Anne & Mary and their parents by Peter Lely
P.F William Ryan, writing in the early 1900s, makes his disapproval very clear:
"Nature had apparently implanted in Anne no sense of duty, and art had done nothing to fill the void… It was… after her marriage, when entirely removed from the influence of the gentle Mary of Modena [her step-mother], that malice and envy began to flourish luxuriantly in the young Princess’s bosom. Surrounded by every luxury that her father could provide, his generosity seemed only to inflame the envy, which, with the perfection of art, was concealed by this Royal actress. "[from Queen Anne and her Court, Vol. I, p 84]

Such is Ryan’s disgust at Anne’s shocking character, that I am baffled as to why he chose her as his subject. If I agreed with him, I don’t think I could have stood to write a whole novel about her. His Anne is somewhat one-dimensional, her motives transparent and her actions predictable. But the Anne that emerges from later biographies, from her letters to Mary and to her friend Sarah Marlborough, seems to me to be far more complicated and a good deal more sympathetic. It is true that, if we consider her dealings with her father and step-mother in isolation, she seems two-faced, unkind and devious, but Anne had many other relationships in her life, and in these she behaved very differently.

Anne could be loving and loyal.
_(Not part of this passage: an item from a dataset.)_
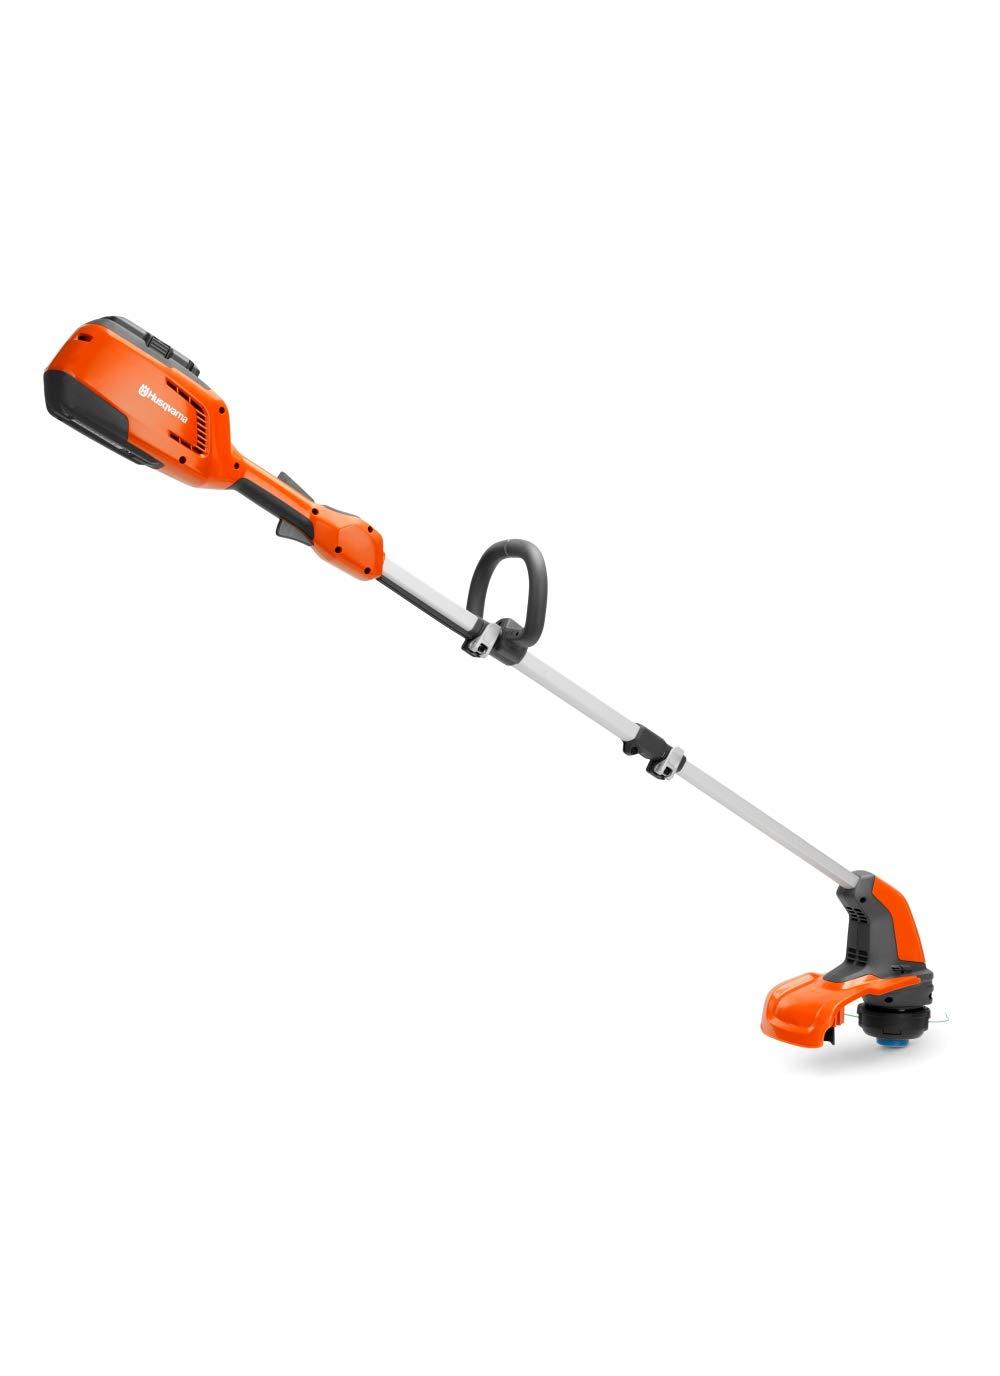 Husqvarna 115iL Gris, Naranja Batería - Cortacésped (D-loop handle ...

She was concerned with the health of her husband and children, nursing them herself when they were ill. She was an extraordinarily generous friend, and a considerate mistress to her household. When she eventually became Queen, she would prove to be remarkably conscientious, taking part in all her cabinet’s meetings despite her continuing ill health, and attending Parliament whenever she could. She had her opponents, but unlike many of her predecessors, was not in habit of having them executed. Faced with the choice between prolonging the War of Spanish Succession and accepting a settlement, she chose the latter, being weary of bloodshed and other people’s suffering. It is not hard to see why the Duke of Marlborough described his patroness, simply, as ‘a very good sort of woman’.
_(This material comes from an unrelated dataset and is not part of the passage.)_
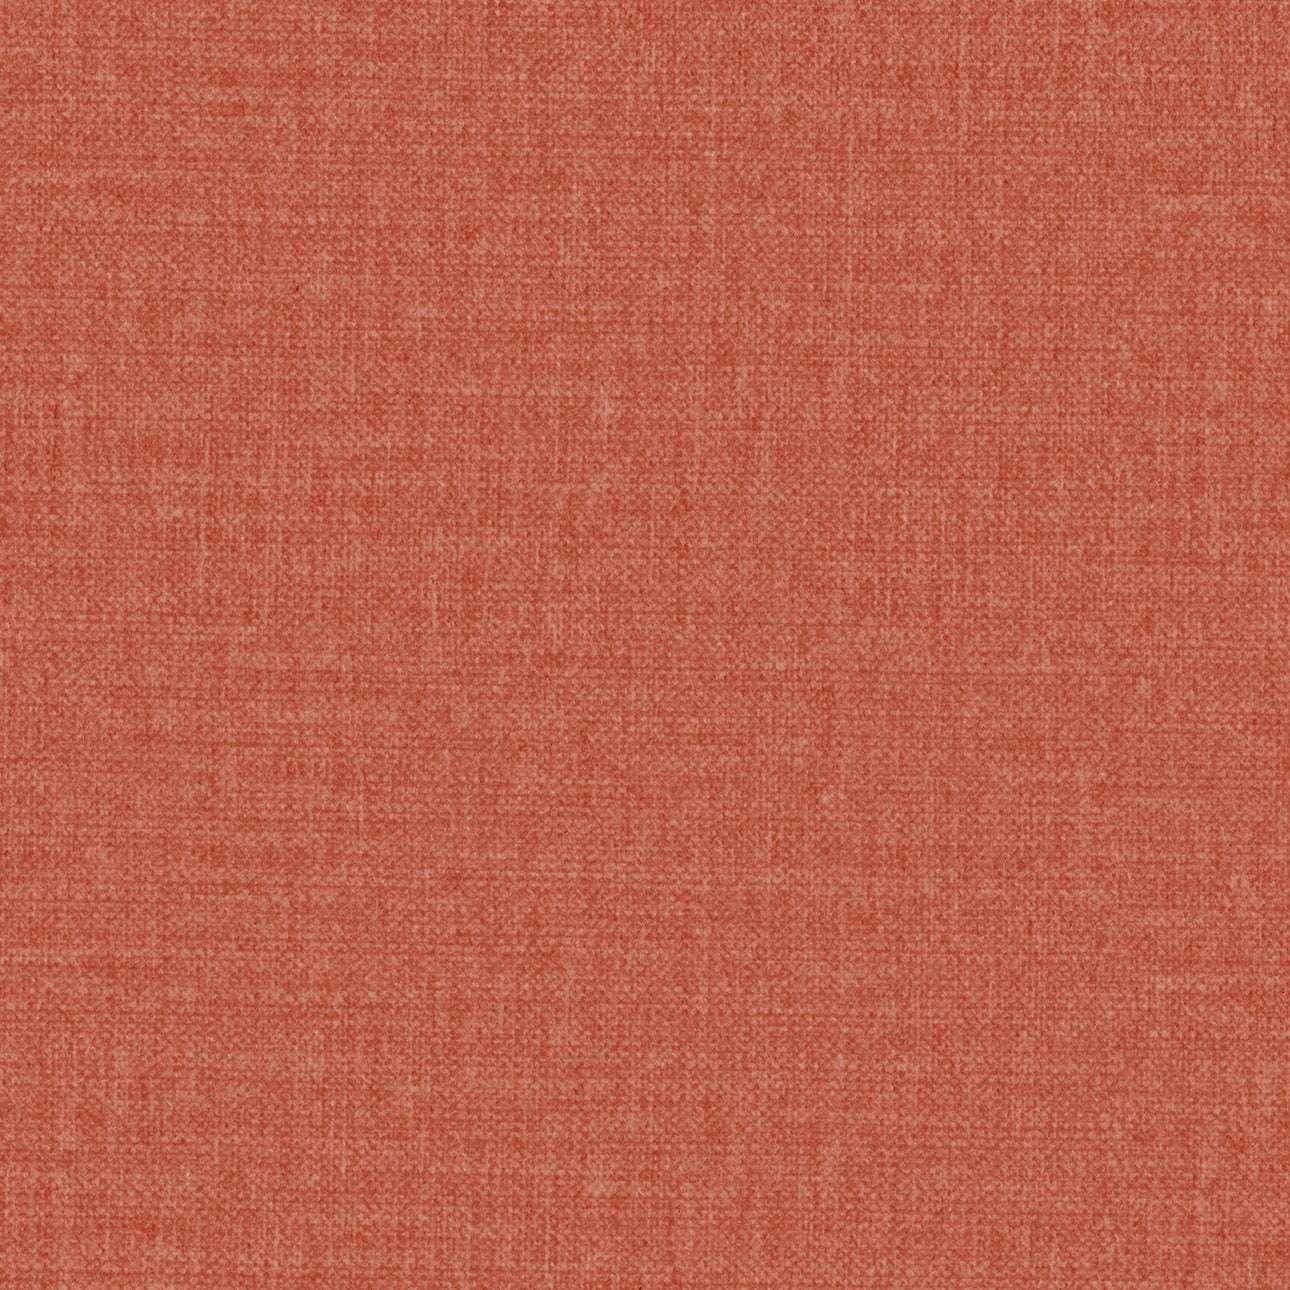 Pokrowiec na sofę Tomelilla 3-osobową nierozkładaną w kolekcji Ingrid, tkanina: 705-37

Queen Anne Wikimedia Commons
When I looked at Anne’s life, then, the story it suggested to me was one in which a good woman does, knowingly, a bad thing. My sense is that Anne was not lying, precisely, when she said her step-mother’s baby was not her brother. I think she was deceiving herself, entertaining this cognitive dissonance, because she needed him not to be. She did what we are all capable of doing when our conceptions of ourselves and our worlds are put under extreme pressure, and constructed a truth she could live with: an England justly destined for Protestant rule. The thought that God might after all not be on her side, but with the Catholics, was simply too horrific to contemplate – if it were true, then the very ground under her feet would be rendered insecure, and, even worse, she would no longer be able to see believe a good person, on the right side of things. Anne’s moral thinking was not subtle, pragmatic or flexible enough to allow her to lie simply for political expedience’s sake, to make the ends justify the means. So she constructed a story, a false belief, to enable her to live with herself and what she would be doing.
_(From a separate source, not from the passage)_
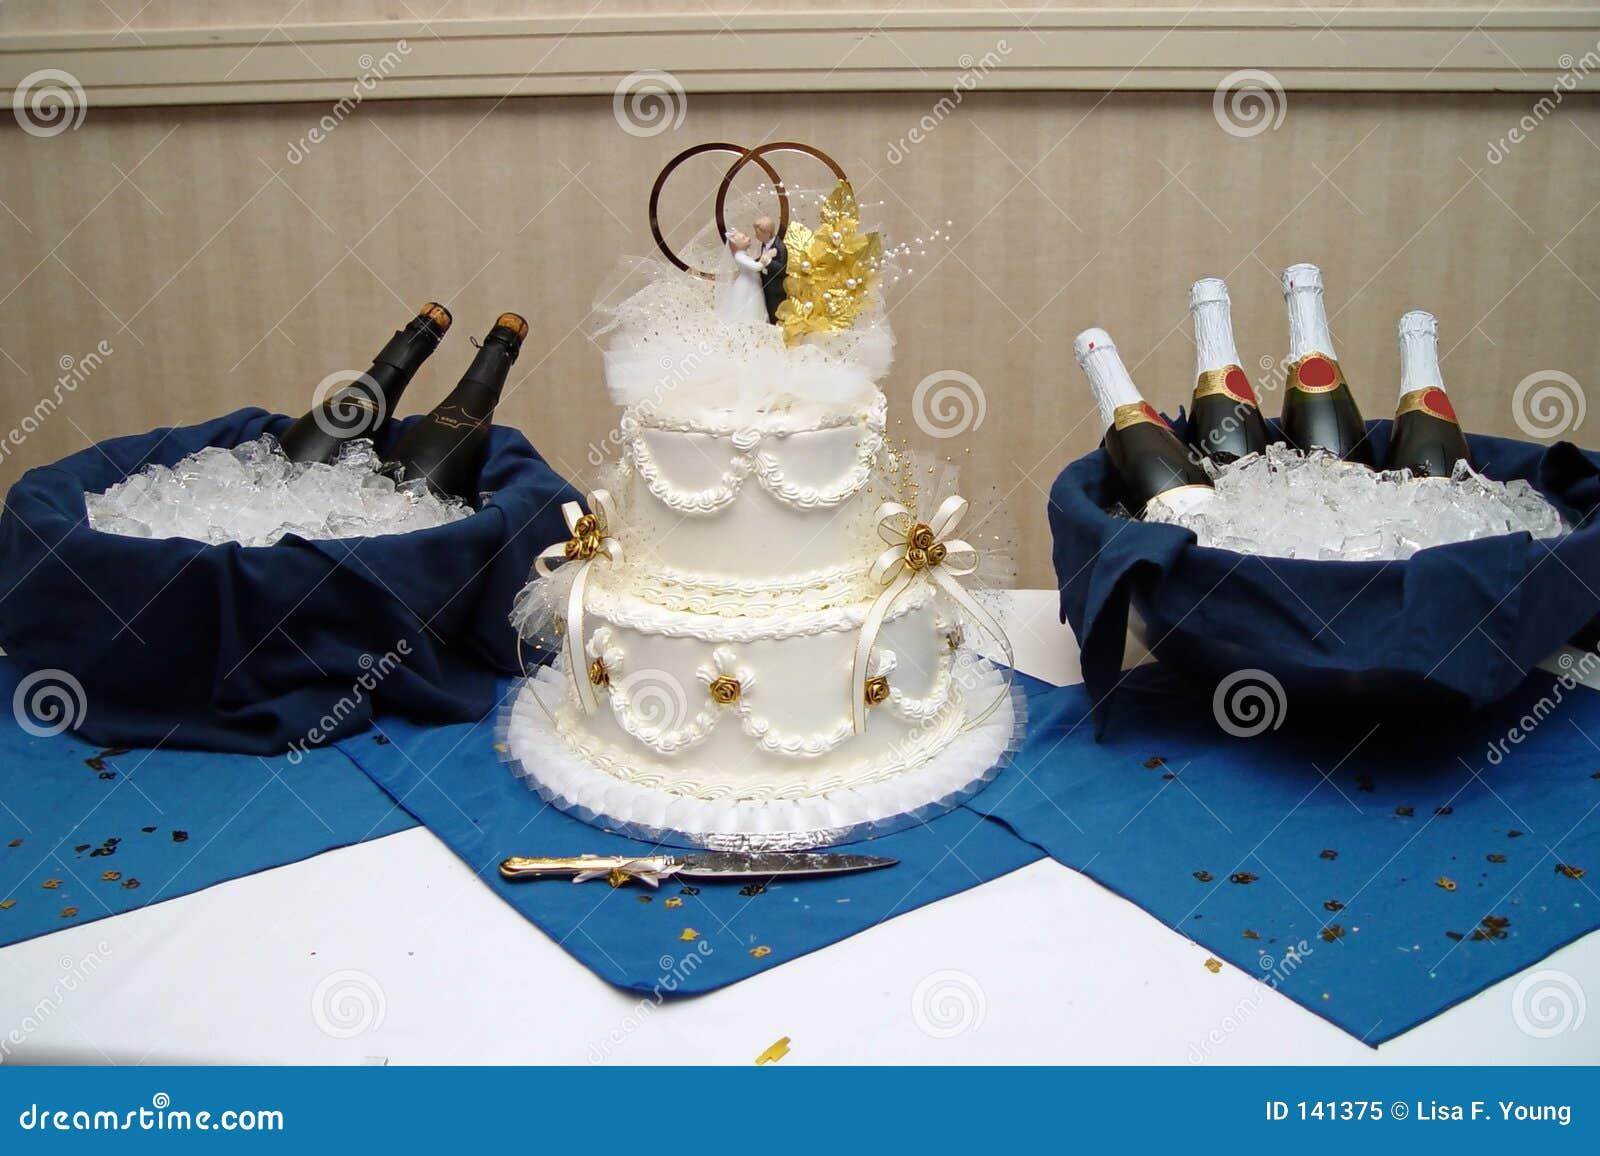 g teau de mariage avec champagne photo libre de droits image 141375. Black Bedroom Furniture Sets. Home Design Ideas

And the story held together as long as it needed to, seeing her through the dangerous adventure of her defection from her father, but, it could not hold much longer. Faced with criticism from inside and outside Court, and their own increasingly uneasy consciences, the sisters would struggle with the consequences of what they had done.

1 comment:

Terry Roberson said...

As someone who is obsessed with English history, this book sounds amazing. Queen Anne is not one of the monarchs that I have read a lot about, so I am excited to read this book. Knowing that it is based on actually letters between the sisters and the intrigue that was involved is exciting. I cannot wait to start it.